Stop Slop: Make AI-Generated Text Actually Sound Human
You know that feeling when you read something generated by an LLM and it just feels off? The overly polite phrasing, the predictable transitions, the bland, generic summaries that scream "I was written by a language model." We've all been there—especially if you're a developer trying to clean up AI-generated documentation or copy.
If you're tired of rewriting AI slop to make it sound like a real person wrote it, there's now a handy tool on GitHub that might save you hours. Meet Stop Slop.
What It Does
Stop Slop is a lightweight, open-source tool designed to detect and remove common AI-generated "slop" from text. It identifies telltale patterns—like repetitive phrasing, overuse of certain transition words, and generic filler—and either flags them or strips them out, leaving you with text that reads more naturally.
Think of it as a linting tool for AI-written content. It doesn't just tell you "this looks fake." It actually helps you clean it up.
Why It’s Cool
A few things make this stand out:
- Simple rules, good results. It uses pattern matching and heuristics rather than a heavy ML model. That means it runs fast and doesn't need a GPU or a million API calls.
- Developer-first. The output is straightforward—you get back cleaned text or a list of problematic phrases. No fluff.
- Configurable. You can tweak the sensitivity or add your own patterns. Perfect if you have specific "this always sounds fake" phrases you want to catch.
- No dependencies hell. It's a single Python script. Clone it, run it, done.

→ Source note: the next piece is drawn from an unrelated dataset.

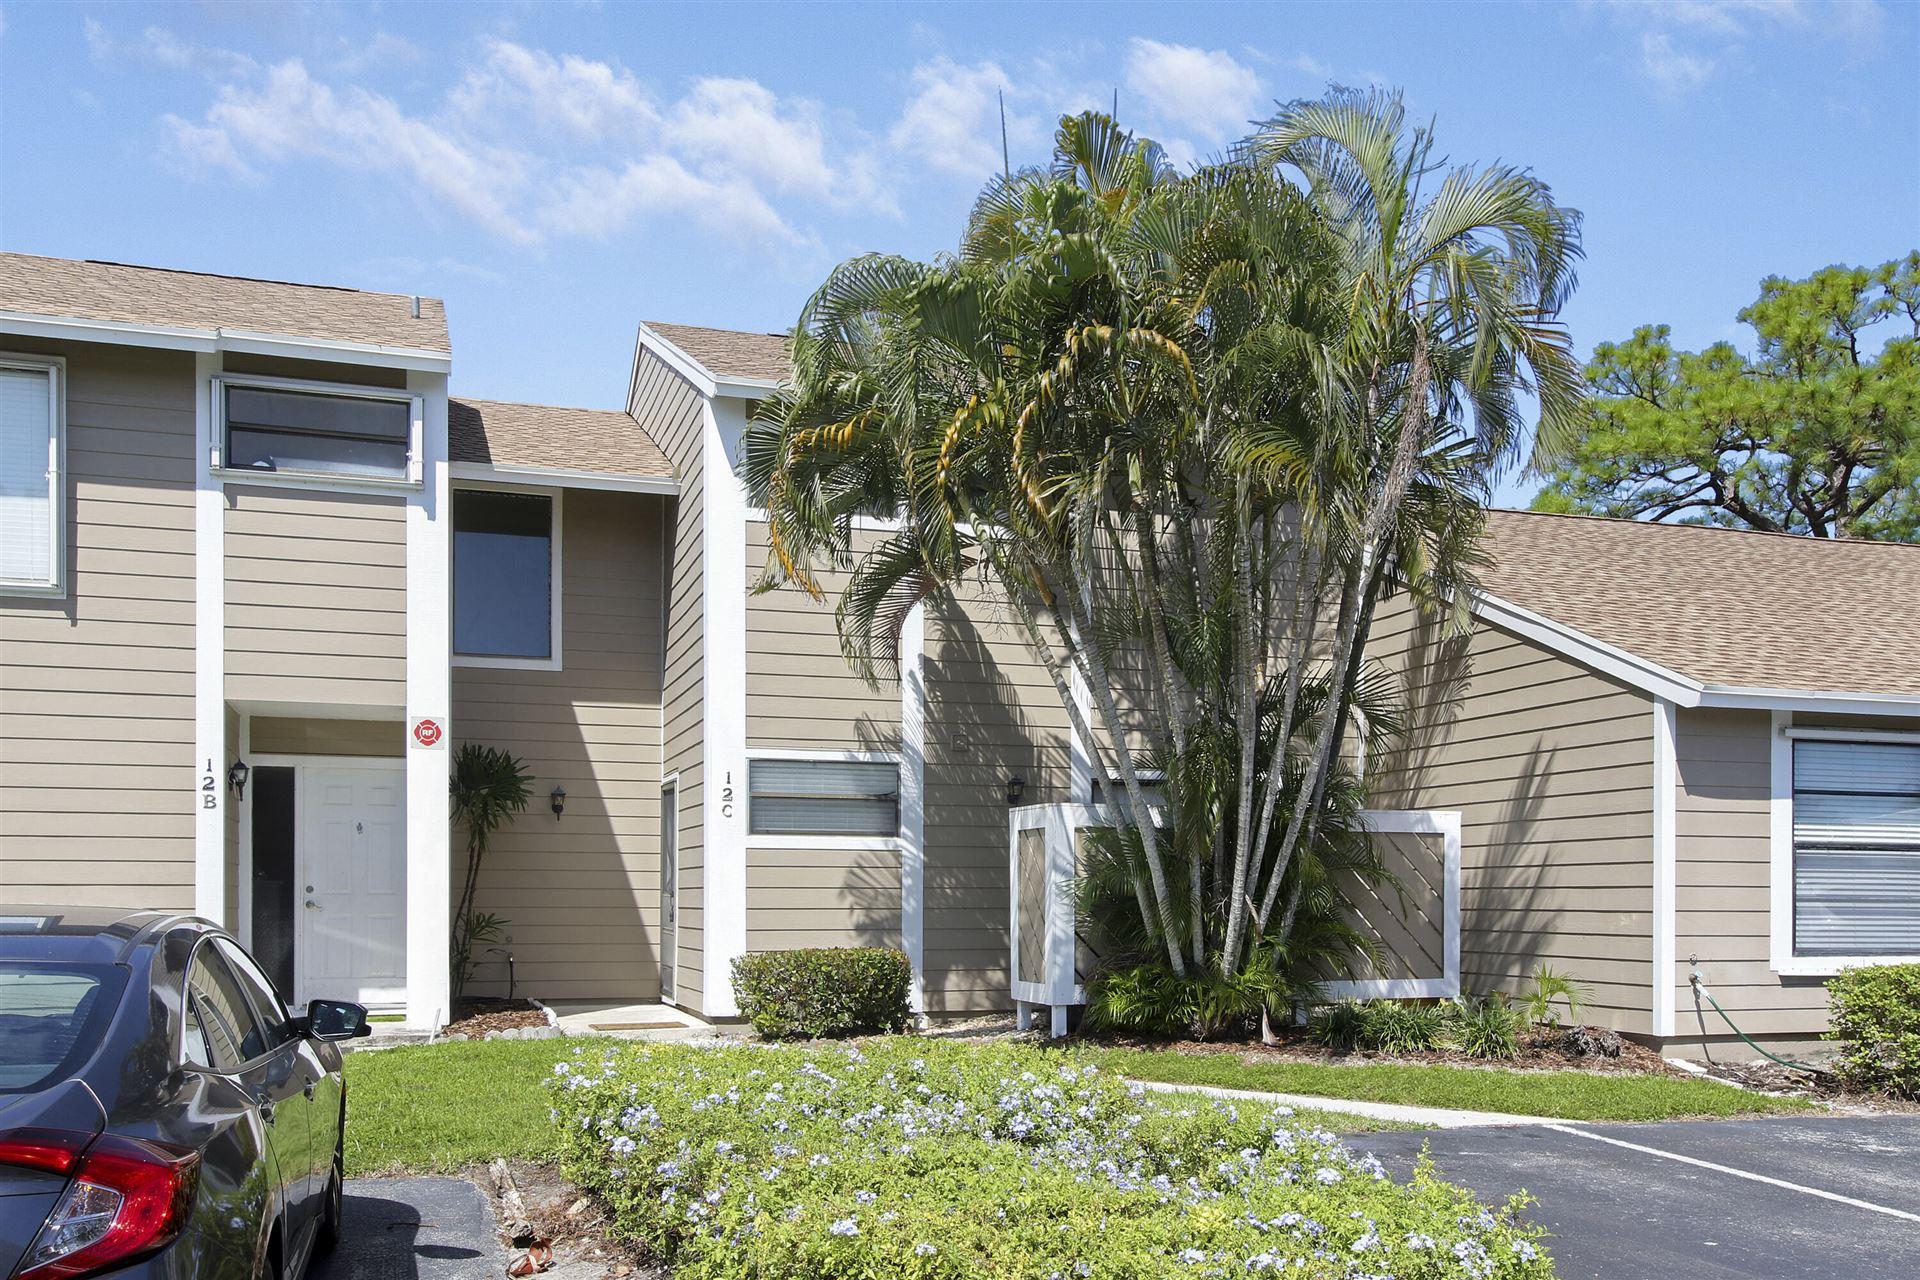 Photo for 201 Lakewood Drive #12c, Jupiter, FL 33458 (MLS # RX-10751766)

Use cases? Writing API docs that actually sound like a human engineer wrote them. Cleaning up AI-generated commit messages. Polishing chatbot responses. Or just running it on drafts to see how robotic they really are.
How to Try It
Getting started is dead simple:
git clone https://github.com/hardikpandya/stop-slop.git
cd stop-slop
python stop_slop.py "your ai-generated text here"
Or pipe in a file:
cat some_ai_draft.txt | python stop_slop.py
No fancy install steps. No config files needed. If you have Python 3, you're good.
For a quick demo, you can also check the README—it shows before/after examples that make the effect immediately clear.
Final Thoughts
This isn't going to replace a human editor. But if you're a developer who frequently works with AI-generated content—whether for docs, code comments, or internal notes—Stop Slop is a genuinely useful tool to have in your belt. It saves you the mental overhead of manually scanning for "furthermore" and "in the realm of" every time.
Because honestly? We've all got better things to do than rewrite robotic sentences.
Give it a try. Your next PR description might finally sound like you wrote it.